Collectively, we five LifeBook Memoirs editors have interviewed for, written, managed, and edited hundreds of memoirs and autobiographies, and we can claim to be true specialists in the form!
More than words (and commas and apostrophes)
Editing private autobiographies and memoirs is both a unique discipline and a privilege—one that demands an unusually nuanced, responsive, sensitive, and flexible approach. It is a unique space in the writing world—a space where memory, narrative, and craft intersect and one that LifeBook Memoirs is proud to inhabit.

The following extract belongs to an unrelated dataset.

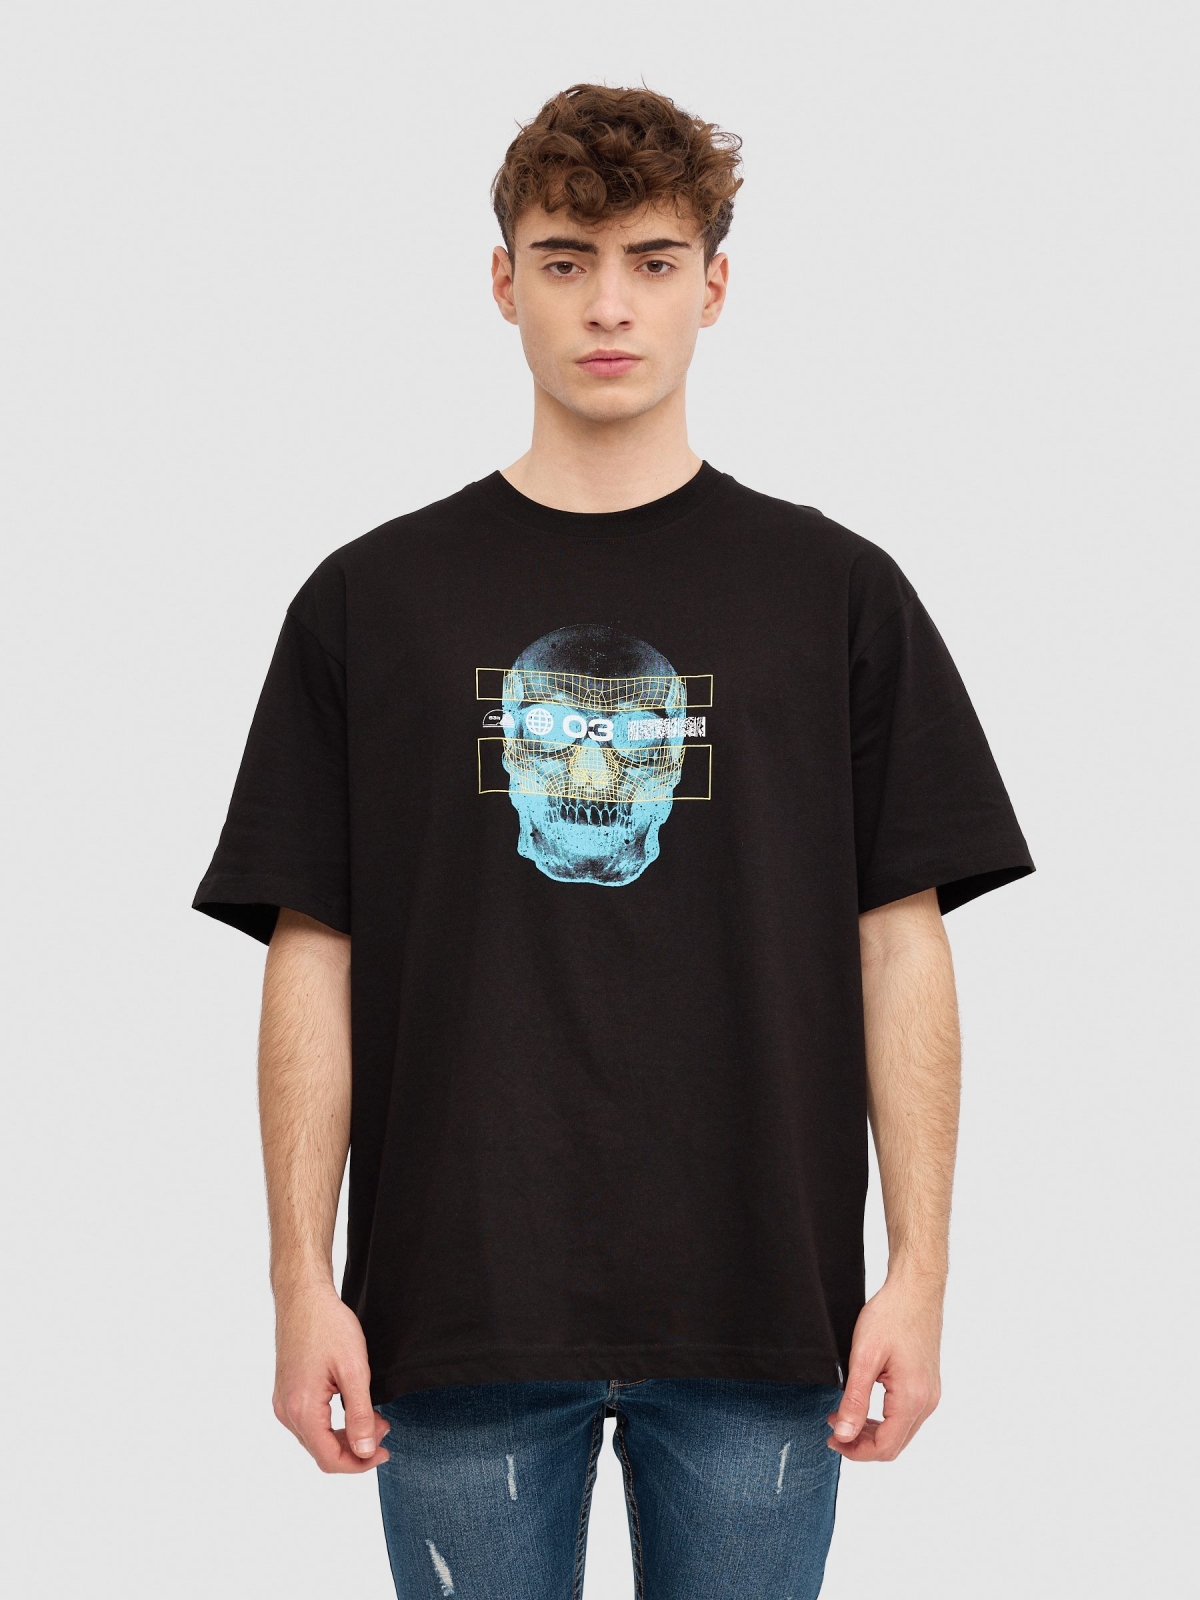 T-shirt tech com caveira preto vista meia frontal

Memoir writing is often misunderstood as simply a recording of events, but in practice it is a disciplined editorial process. Working in harmony with the ghostwriting role, editing at LifeBook Memoirs is another element of the second-to-none craftsmanship on which we pride ourselves. The thoughtful editing that we strive to deliver sharpens voice, reveals patterns, and gives shape to experience without diluting its truth—a responsibility understood and taken very seriously by the LifeBook Memoirs editorial team. For our authors, the result is a book they can hold, share and pass on—a life, shaped into something that will outlast it. And that, ultimately, is what brings each of us to this work.